▸ **Given data**
....................
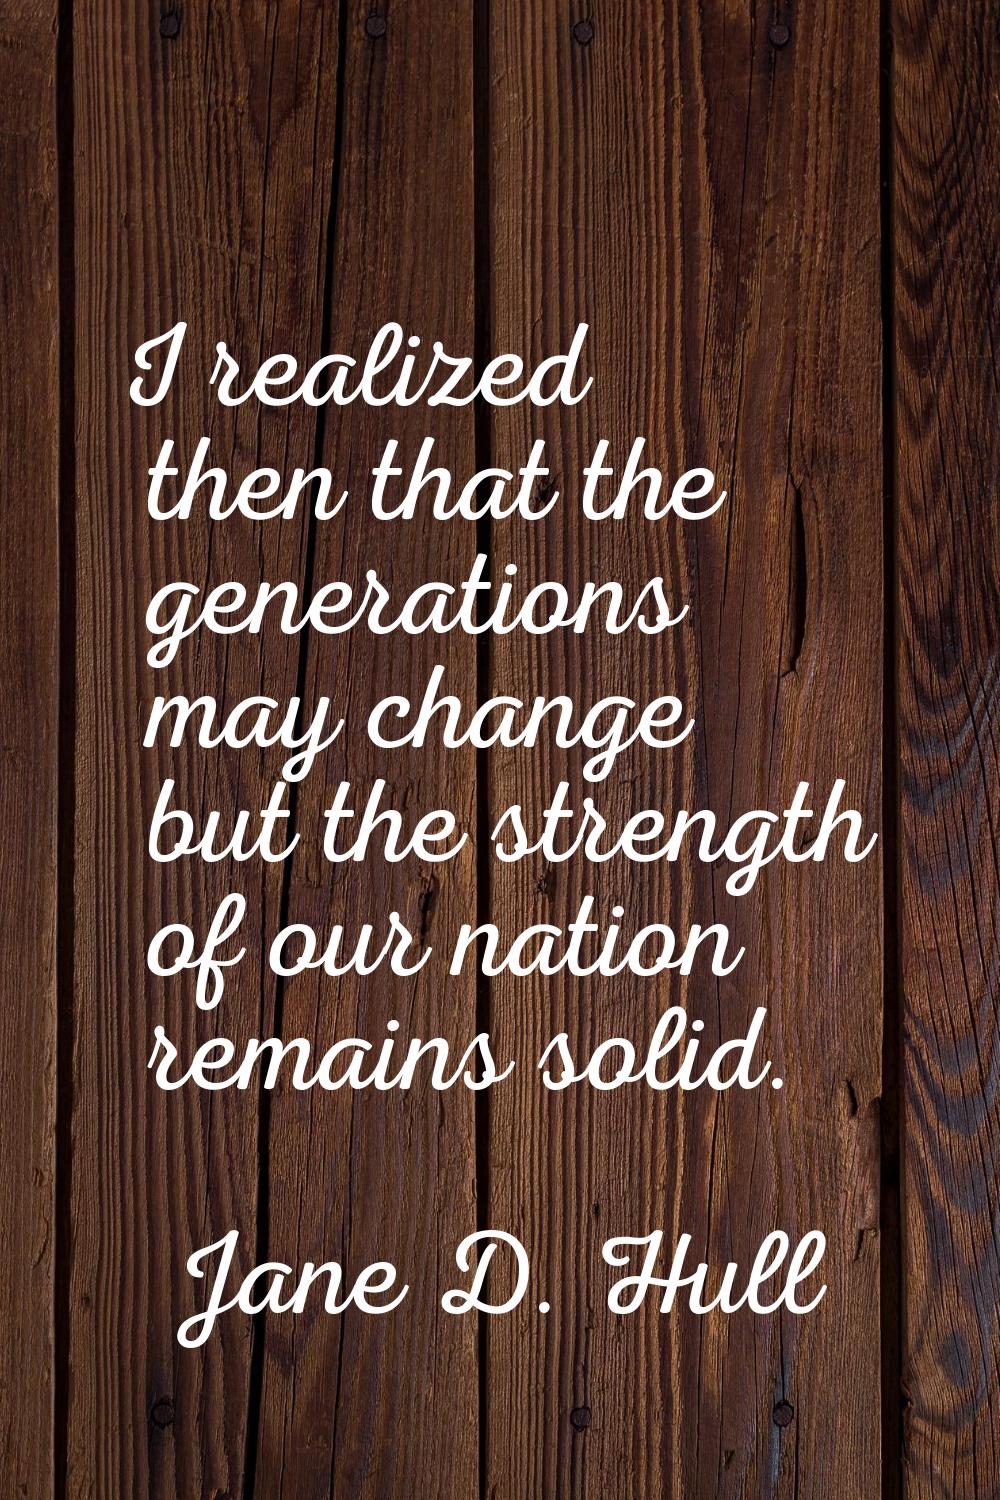 I realized then that the generations may change but the strength of our nation remains solid.
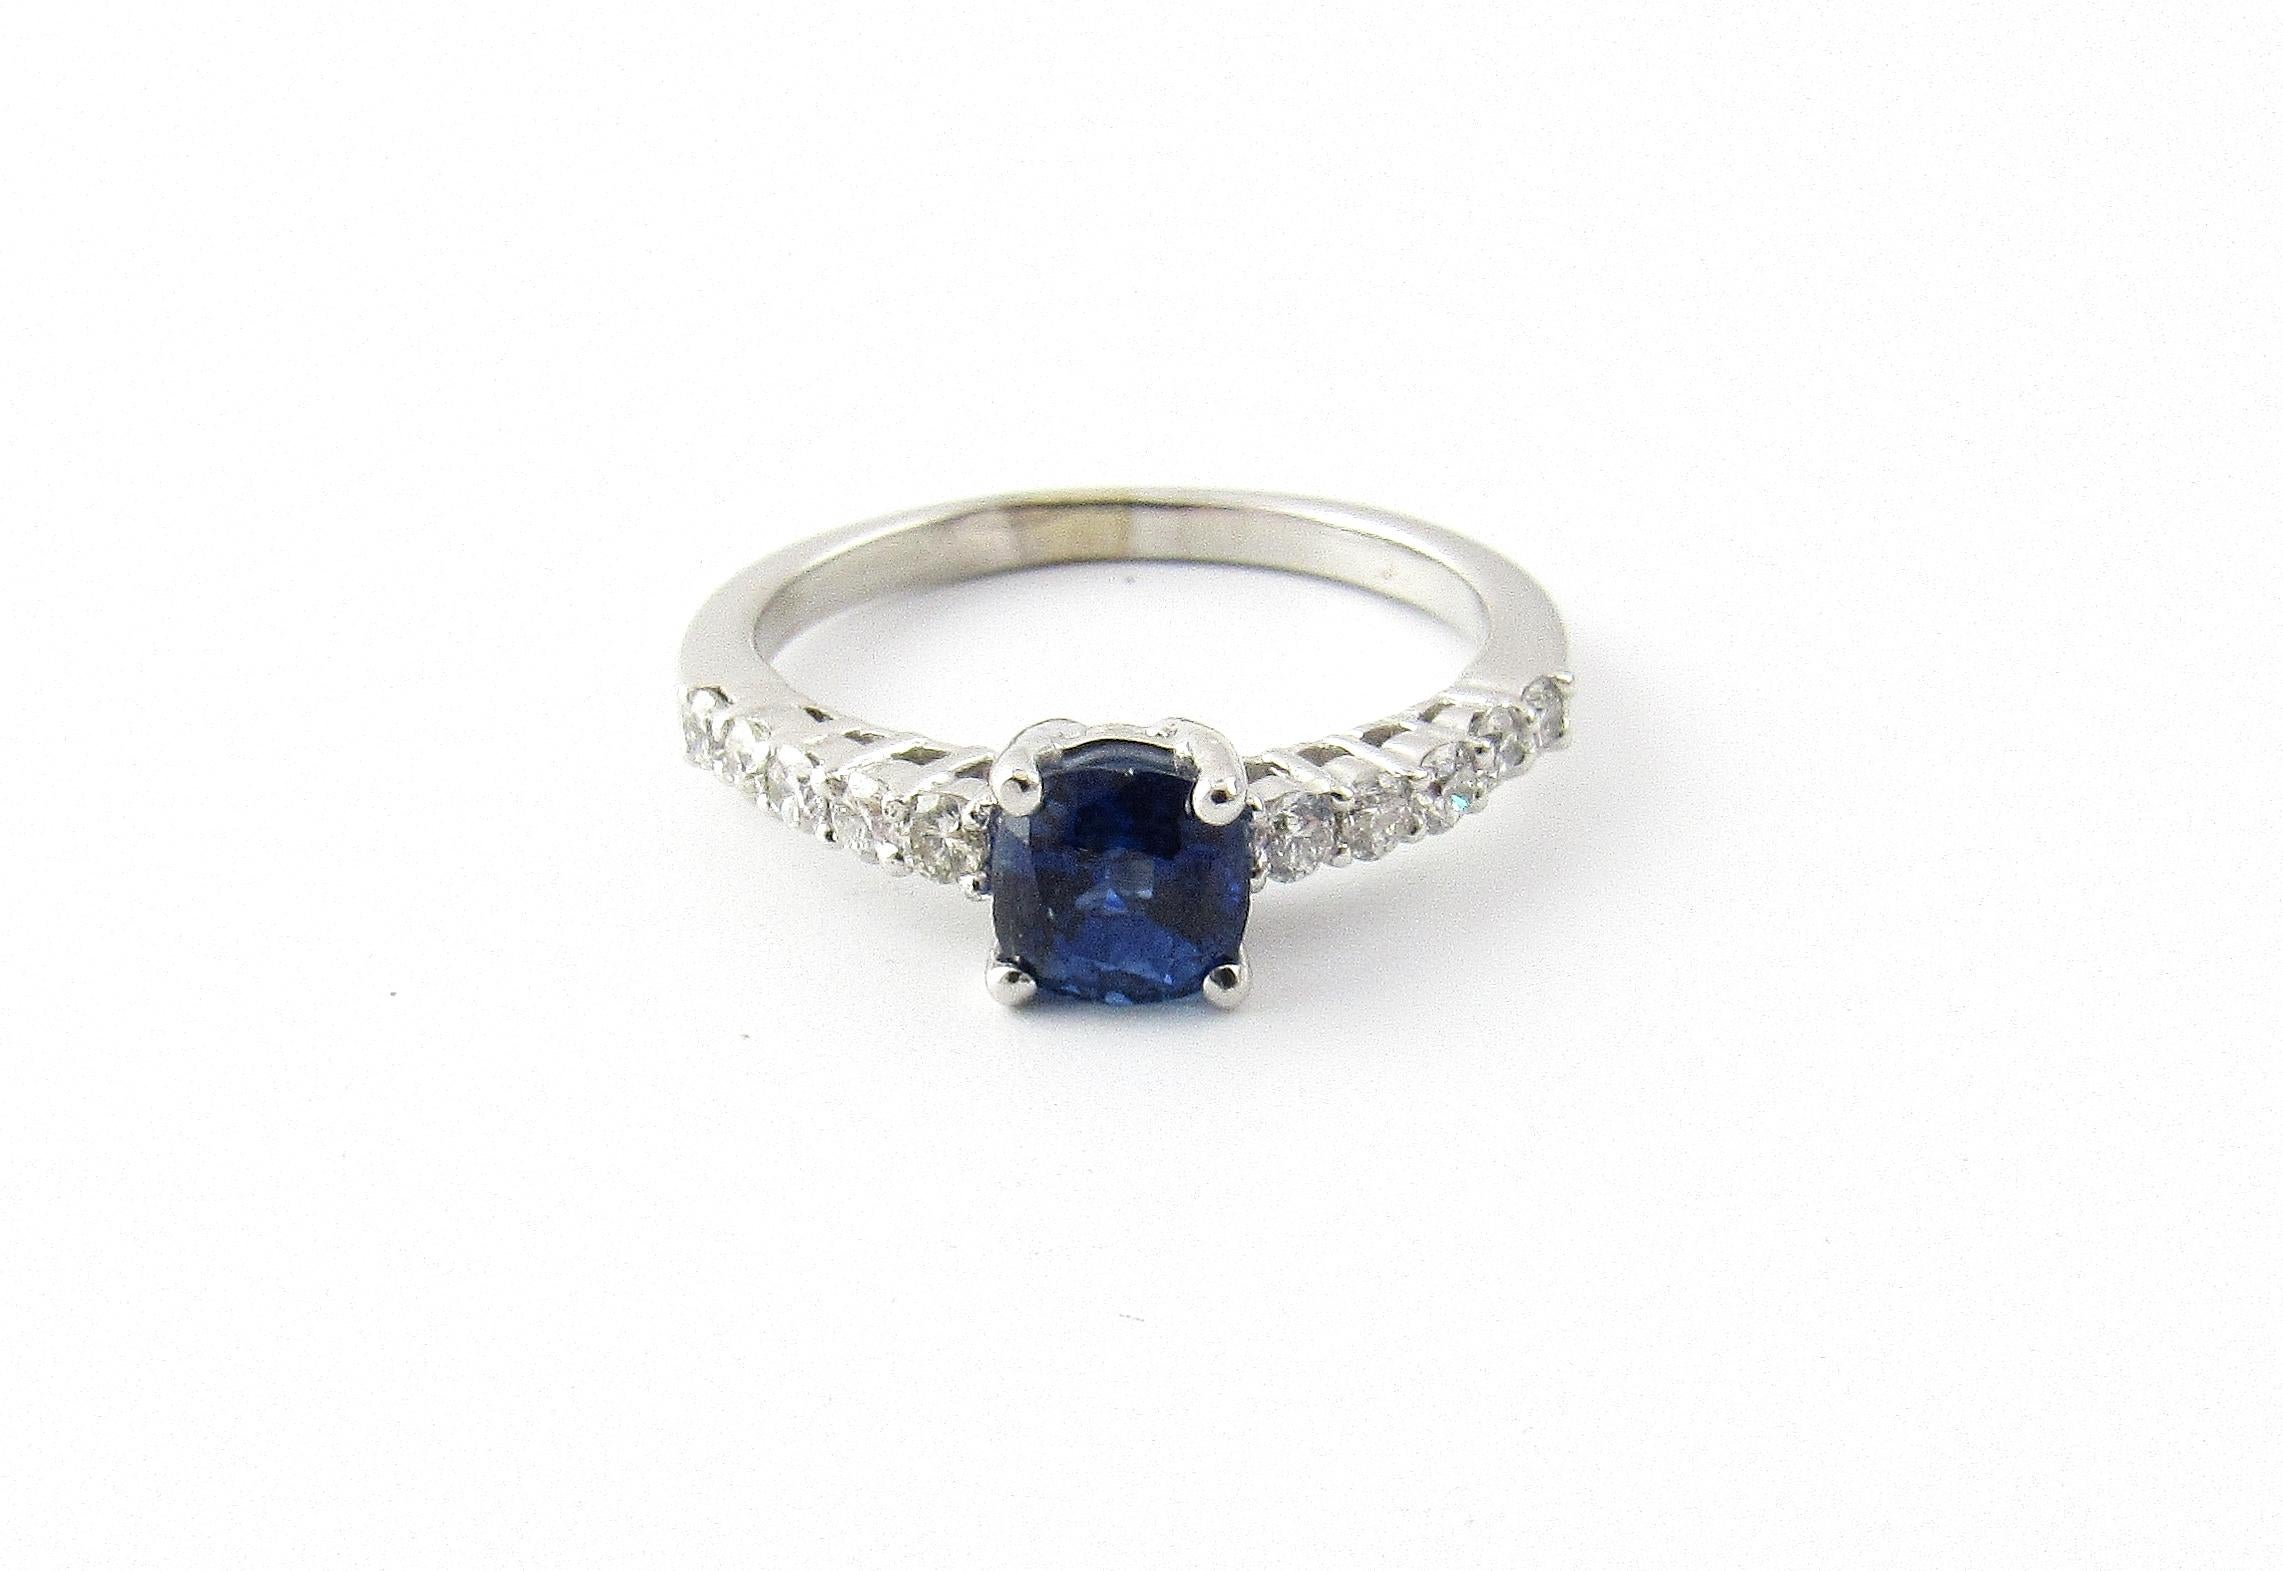 Vintage 18 Karat White Gold Sapphire and Diamond Ring Size 6.5-

This lovely ring features one round sapphire (5 mm) accented with ten round brilliant cut diamonds set in classic 18K white gold. Shank: 2 mm.

Approximate total diamond weight: .20
....................
▸ **What to produce**
Repeat the data word for word, minus any pictures.

▸ **Response to this task**
 I realized then that the generations may change but the strength of our nation remains solid.
 Vintage 18 Karat White Gold Sapphire and Diamond Ring Size 6.5-

This lovely ring features one round sapphire (5 mm) accented with ten round brilliant cut diamonds set in classic 18K white gold. Shank: 2 mm.

Approximate total diamond weight: .20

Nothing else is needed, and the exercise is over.